Danish singer and songwriter

Nicole Stokholm Pedersen (born 30 June 1977), known professionally as Sada Vidoo, is a Danish-Palestinian singer and songwriter. She is best known for taking part in series thirteen of The X Factor UK and Dansk Melodi Grand Prix 2017.

==Life and career==

===Early life and career beginnings===
Nicole Stokholm Pedersen was born on 30 June 1977 in Copenhagen to a Danish mother and a Palestinian father, who left Vidoo's family when she was young. Because she was bullied at school, she started writing and recording songs as a form of escape. As a result, Vidoo pursued a music career.

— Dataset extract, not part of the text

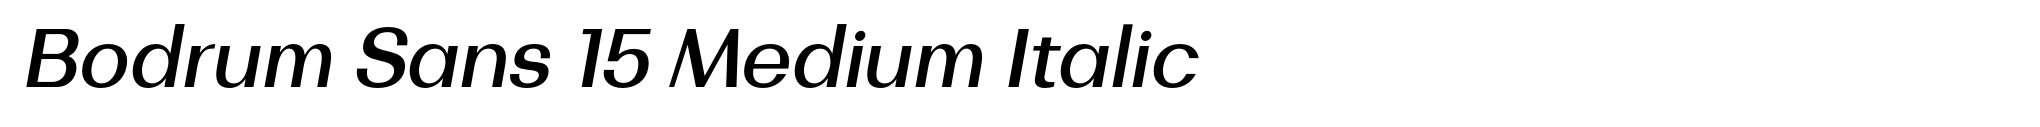 Bodrum Sans 15 Medium Italic image

Under her given name Nicole, she signed a record deal with Virgin Records Denmark in the late 1990s and came to prominence by singing the hook to DJ Aligator's 2000 single "Lollipop". The song hit the top 10 in Norway and Sweden and was the sixth best-selling single of 2000 in Denmark. Her debut single, "Hide Away", was released in 2001, and a series of singles through Virgin followed until the label dropped her because the singer was not "pretty enough for the camera." Since then, Vidoo focused on songwriting. Her first hit as a songwriter became "Ten Miles", released by Infernal in 2006. The song hit number two on the Polish Airplay Chart and was certified Platinum in Denmark. Between 2002 and 2007, the artist would tour as the lead singer for Snap! in Europe. In 2008, she became a finalist on the Danish vocal talent show Elsk mig i nat from Kanal 5. As Nicole Stokholm, the singer was part of the group The Stokholm Promise, which released the 2010 charity single "United" featuring Danish rapper M.I.L.O.—former ISAF 9 soldier—in honour of Danish soldiers who died in Afghanistan. Also in 2010, the artist adopted the stage name Miss Nicole and was featured on Danish rapper Sami Krid's Danish-language single "Kostbar", which had a music video released in 2011.

===2012–present: A Story with No End, The X Factor and Dansk Melodi Grand Prix===
In 2012, Vidoo moved to London, where she started working with British musicians Russ and Chris Ballard. She later adopted her "living doll" persona Sada Vidoo, and released her debut album A Story with No End on 11 August 2014 through Target Records. The album includes three singles—"The Actress", "China Doll", and a cover of Pat Benatar's "Love Is a Battlefield"—and received mixed to positive reviews. The singer performed at the 2014 edition of Copenhagen Pride also in August of that year. With "Love Is a Battlefield", Vidoo auditioned for the thirteenth series of the British The X Factor in 2016. After singing "Hold On" in bootcamp and "Numb" during the Six-Chair Challenge, she was eliminated in the process of going to the Judge's House with mentor Sharon Osbourne in the "Over 25" category. Vidoo was among the auditionees who returned to the X Factor stage and performed "Nothing's Gonna Stop Us Now" in the final.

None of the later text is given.